“Never had I pined so much for Simon Cowell’s theatrical cruelty.”
The Voice, BBC1
“Negative comments were kept to a minimum. Which is all very honourable but it hardly makes for exciting TV. Never had I pined so much for Simon Cowell’s theatrical cruelty.”
Ben Lawrence, The Telegraph
“The Voice is a third-rate rip-off of The X Factor, with too many gimmicks and not half enough excitement. Visually it’s a rubbish idea, and it’s impractical, too.”
Christopher Stevens, Daily Mail
“An angel’s voice soared from a butter-ball body, a young lad was mistaken for a girl and a theatre usherette sang opera. Everyone is good so the judges (not the acts) are embarrassed when a singer remains unchosen, and must abjectly apologise. Whether we can take all this virtue until the coaches each accumulate 12 singers to their teams is another question.”
Andrew Billen, The Times
“Is there anything more cringe than the judges’ joint musical performance on The Voice UK. Series four opened with a rendition of Republica’s 1996 hit ‘Ready to Go’ sung by Sixties sex bomb Sir Tom Jones, hip-hop windbag will-i-am, the ever-apologetic Kaiser Chief frontman Ricky Wilson, and pop poseur Rita Ora. Mercifully, it was soon over and straight into the blind auditions.”
Ellen E Jones, The Independent
“I’m sorry, judges. I’m the judge of the judges and that’s just not good enough. Not only do you need to be decisive, make good decisions and be accountable, but also if you’re saying you would have turned if you’d been able to see who it was, doesn’t that make a mockery of the whole concept of The Voice?”
Sam Wollaston, The Guardian
Harry Hill’s Stars in Their Eyes, ITV
“Everything on TV is so damned serious these days, and Harry Hill’s Stars in Their Eyes is a gloriously unpretentious antidote. Also, despite its lunatic edge it somehow manages to be honest in what it is trying to achieve. Clearly Hill just wants everyone to have a good time. I did.”
Ben Lawrence, The Telegraph
“Corny jokes, slapstick, dressing up and a few songs we all know made this full-on family fare — old- fashioned Saturday night viewing that didn’t take itself seriously.”
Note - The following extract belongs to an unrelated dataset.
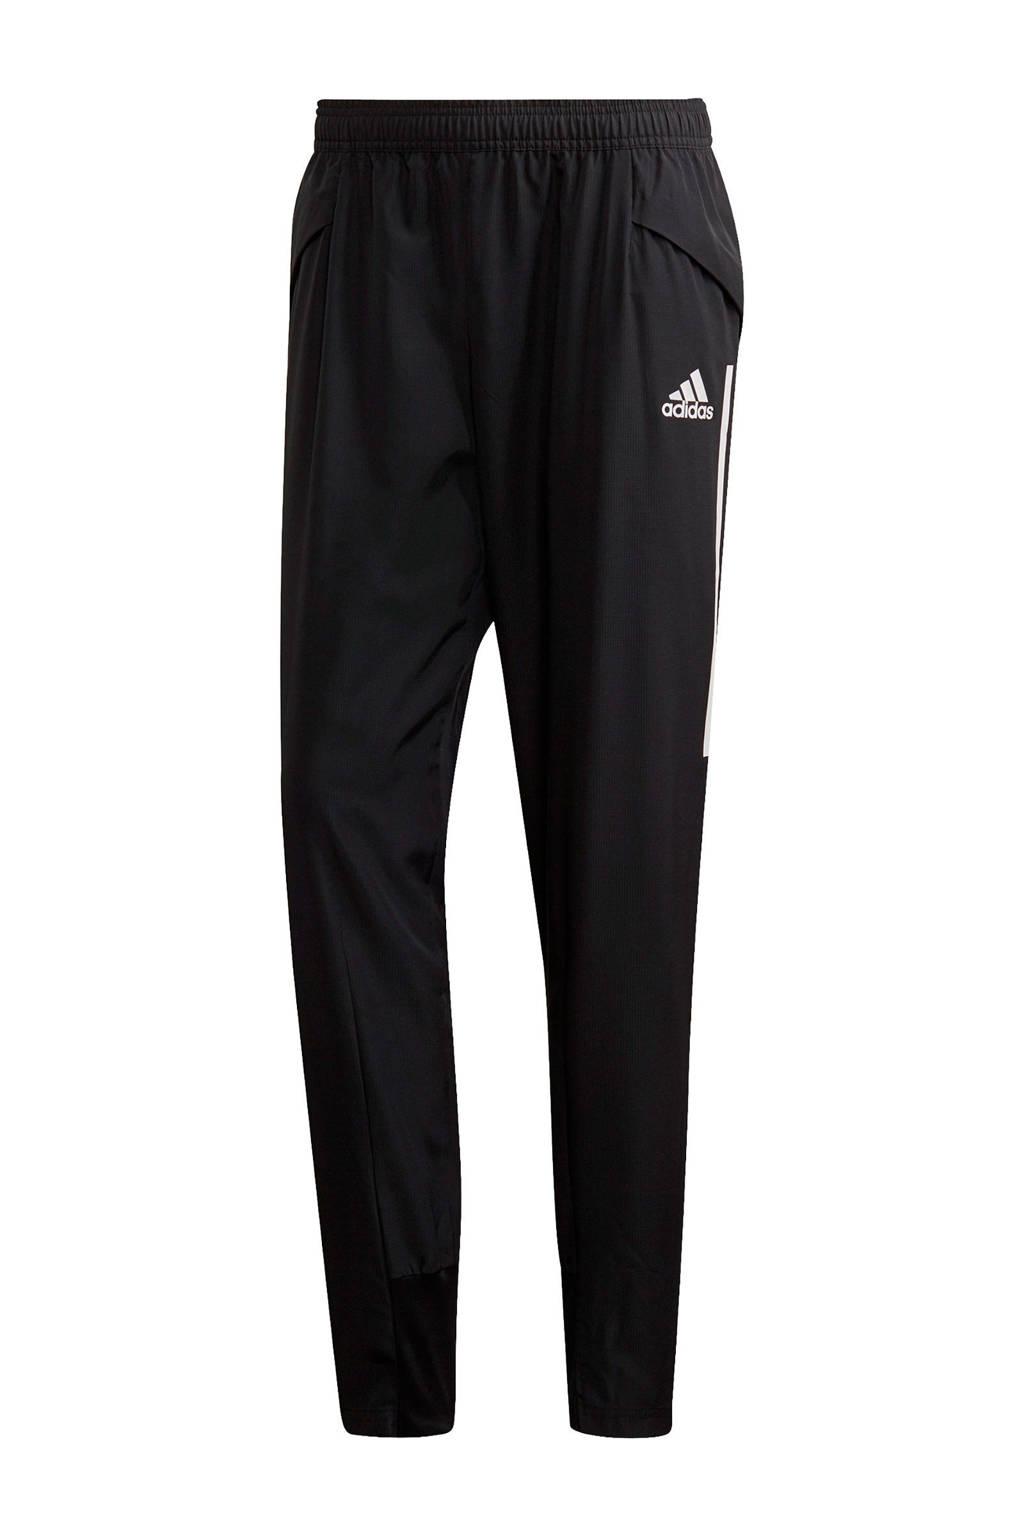 adidas Performance   sportbroek Condivo zwart, Zwart

Christopher Stevens, Daily Mail
“When it worked, it worked. The problem is that Hill’s relationship with real life, and by association with real people, is tangential. And when he congratulated the lookalikes on their performances everyone looked embarrassed.”
Andrew Billen, The Times
Britain’s Tudor Treasure: a Night at Hampton Court, BBC2
“The details were pretty fascinating but a pair of good presenters like David Starkey and Lucy Worsley didn’t need all the dressing-up antics to bring them alive. If money was going to be spent, it might, perhaps, have been diverted from the costumes and the extras and onto the baptismal font, which ended up as a model, slighly smaller than my son’s Playmobil castle.”
Matt Baylis, Daily Express
“As chief curator at Historic Royal Palaces, Worsley was our guide to the palace. Starkey, for his part, did an excellent job of explaining the mindset of the wife-beheading, daughter-dismissing king in the lead-up to his son’s birth. When, at last, all 90-something volunteers were costumed, it was as if the court of King Henry VIII had risen from the grave.”